*Task material*.
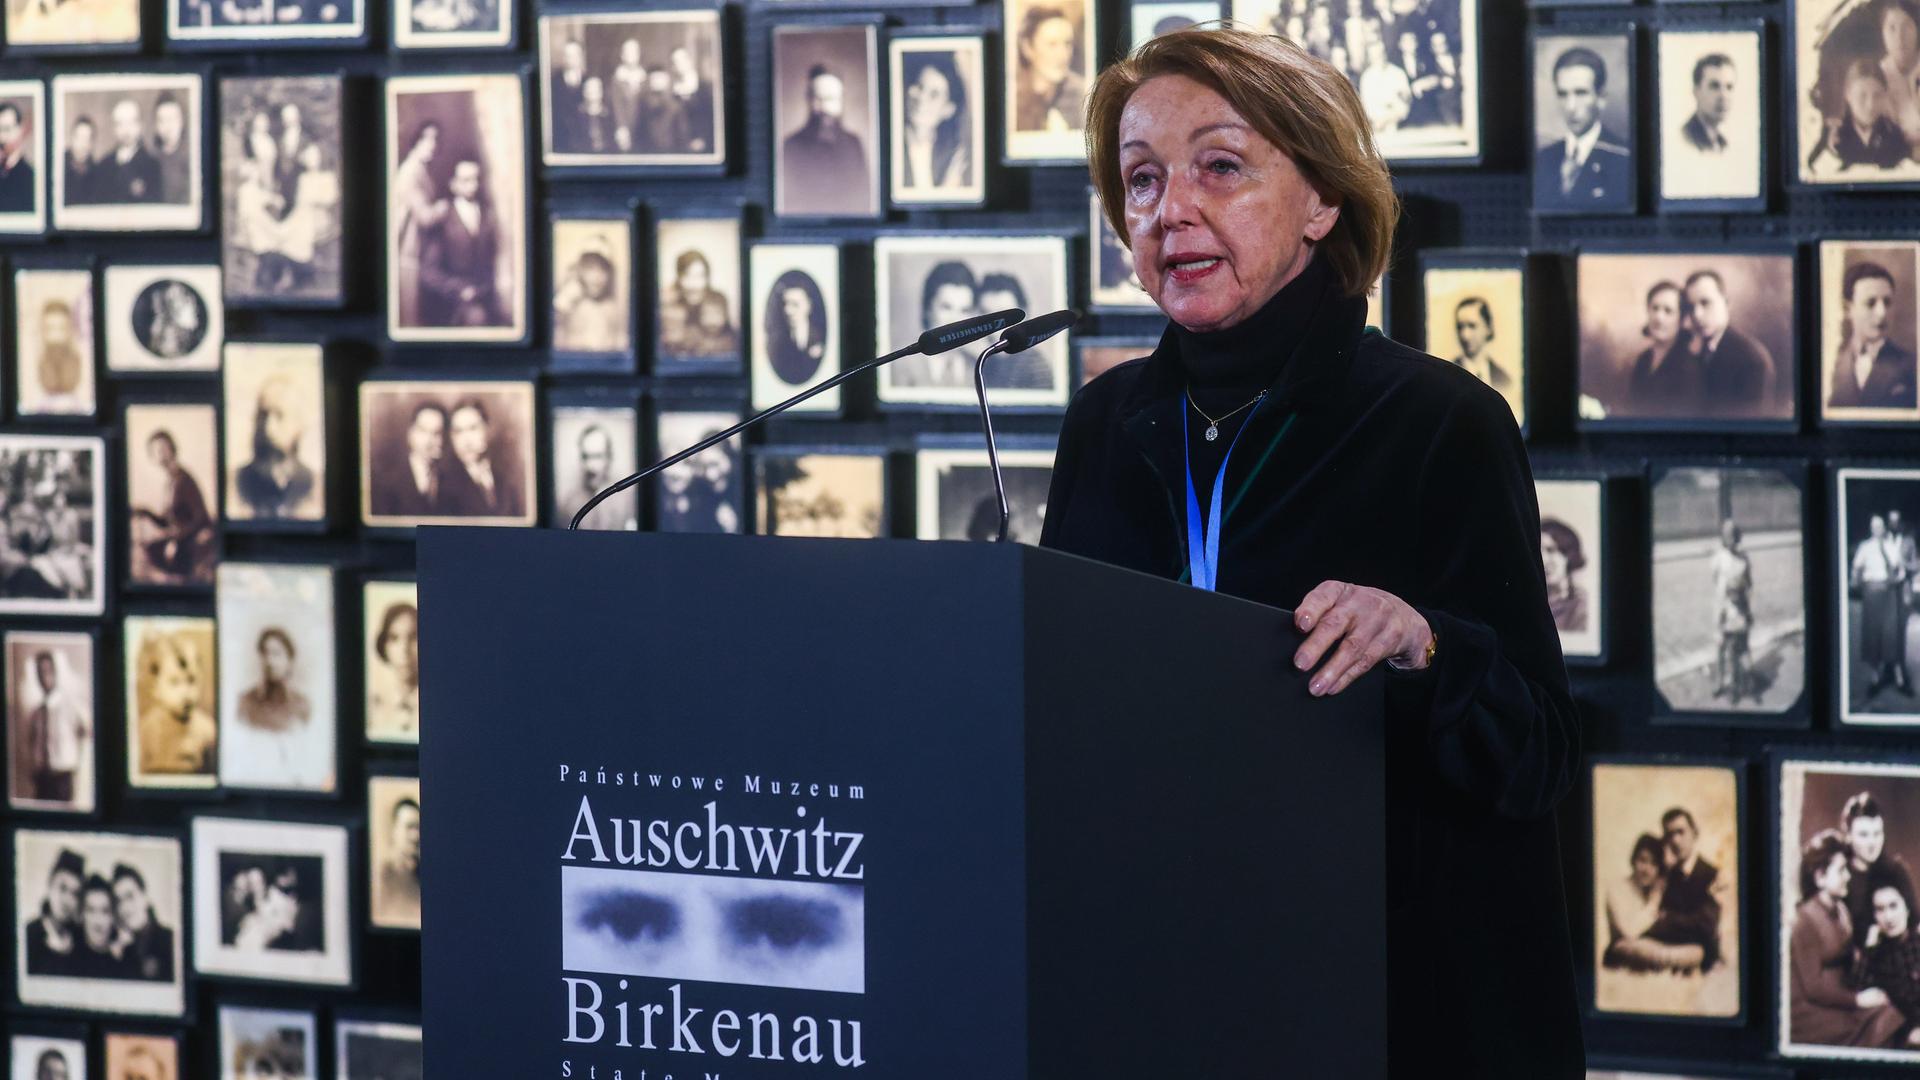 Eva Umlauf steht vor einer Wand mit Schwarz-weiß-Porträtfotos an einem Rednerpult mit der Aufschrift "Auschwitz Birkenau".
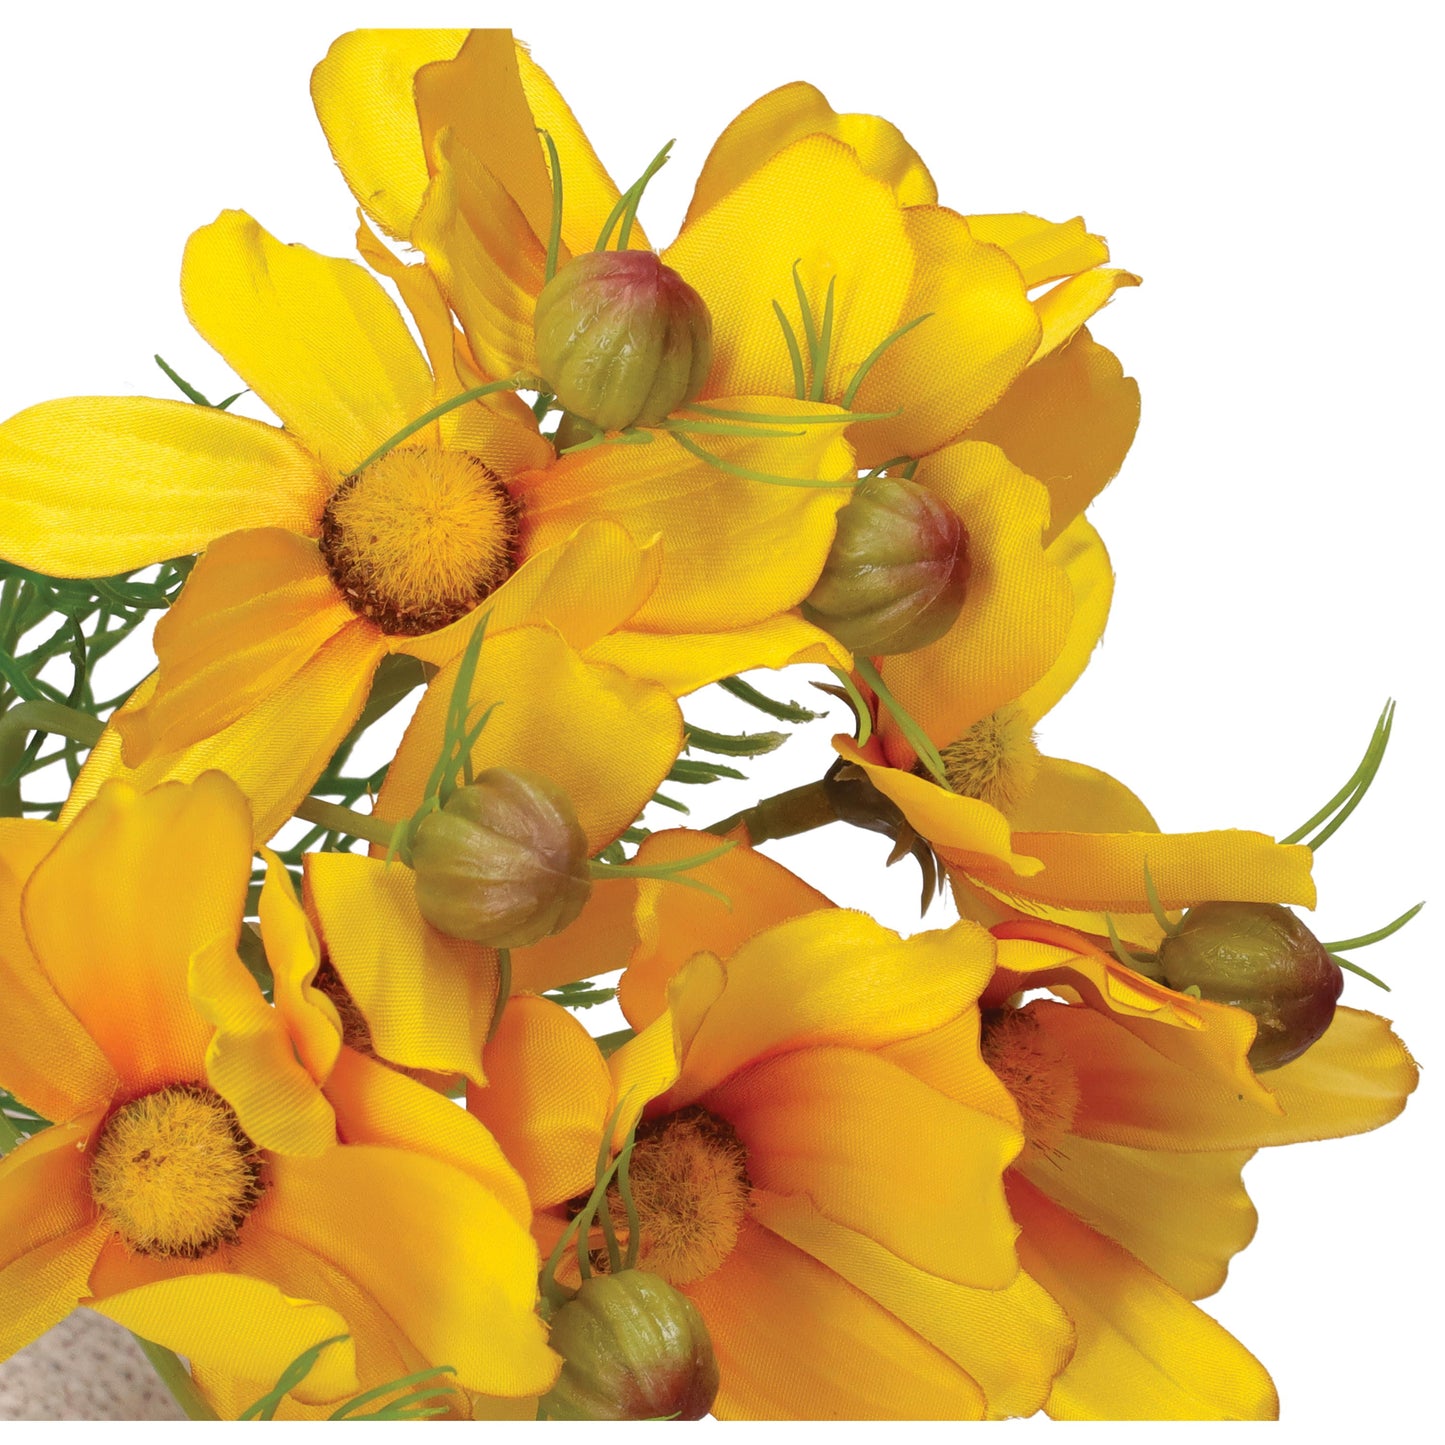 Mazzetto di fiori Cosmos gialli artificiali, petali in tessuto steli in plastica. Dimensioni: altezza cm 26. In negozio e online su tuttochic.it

* * *

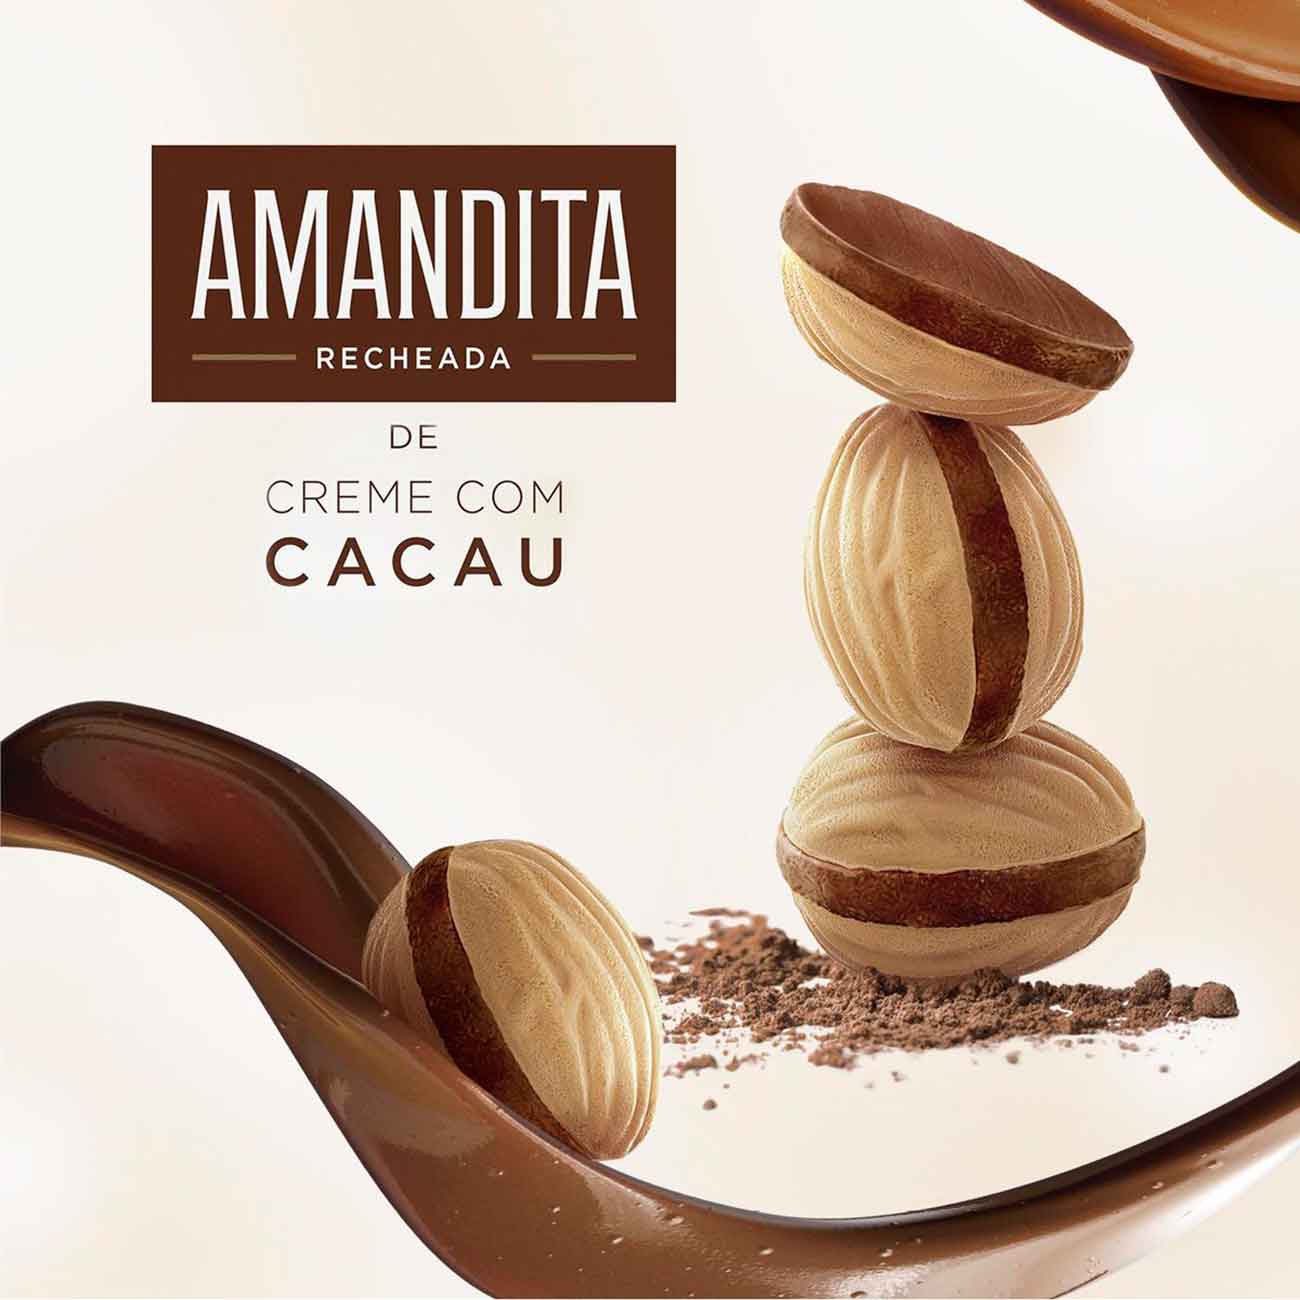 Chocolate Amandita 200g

--

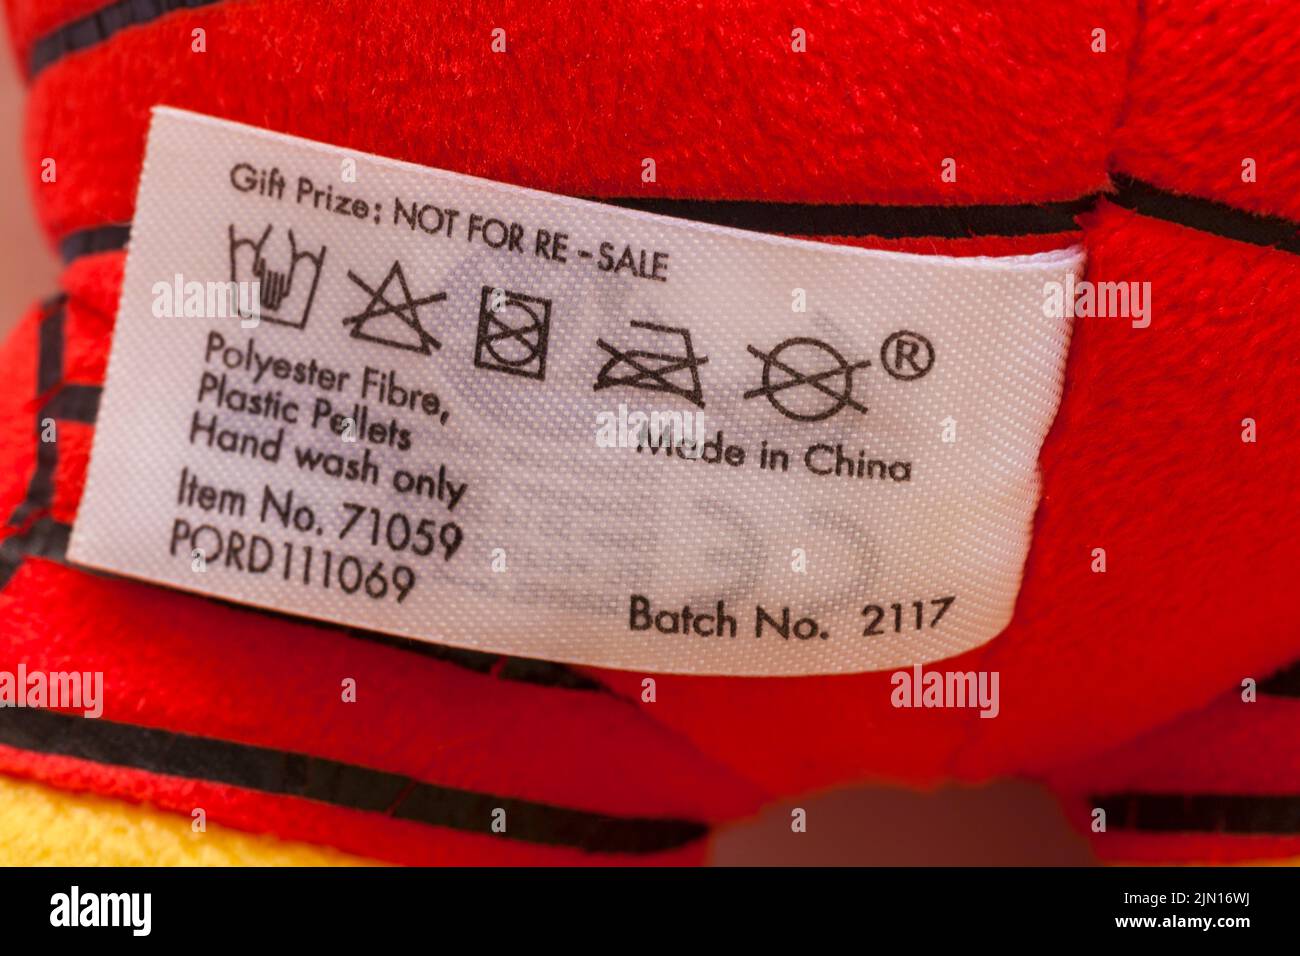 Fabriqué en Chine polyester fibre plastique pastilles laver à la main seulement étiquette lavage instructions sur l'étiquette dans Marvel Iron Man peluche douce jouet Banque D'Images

*Work to be completed*.
Using the entries above, transcribe exactly from the line that has "Eva Umlauf steht" through the line that has "Mazzetto di fiori". Pictures are dropped.

*Response to the exercise*.
 Eva Umlauf steht vor einer Wand mit Schwarz-weiß-Porträtfotos an einem Rednerpult mit der Aufschrift "Auschwitz Birkenau".
 Mazzetto di fiori Cosmos gialli artificiali, petali in tessuto steli in plastica. Dimensioni: altezza cm 26. In negozio e online su tuttochic.it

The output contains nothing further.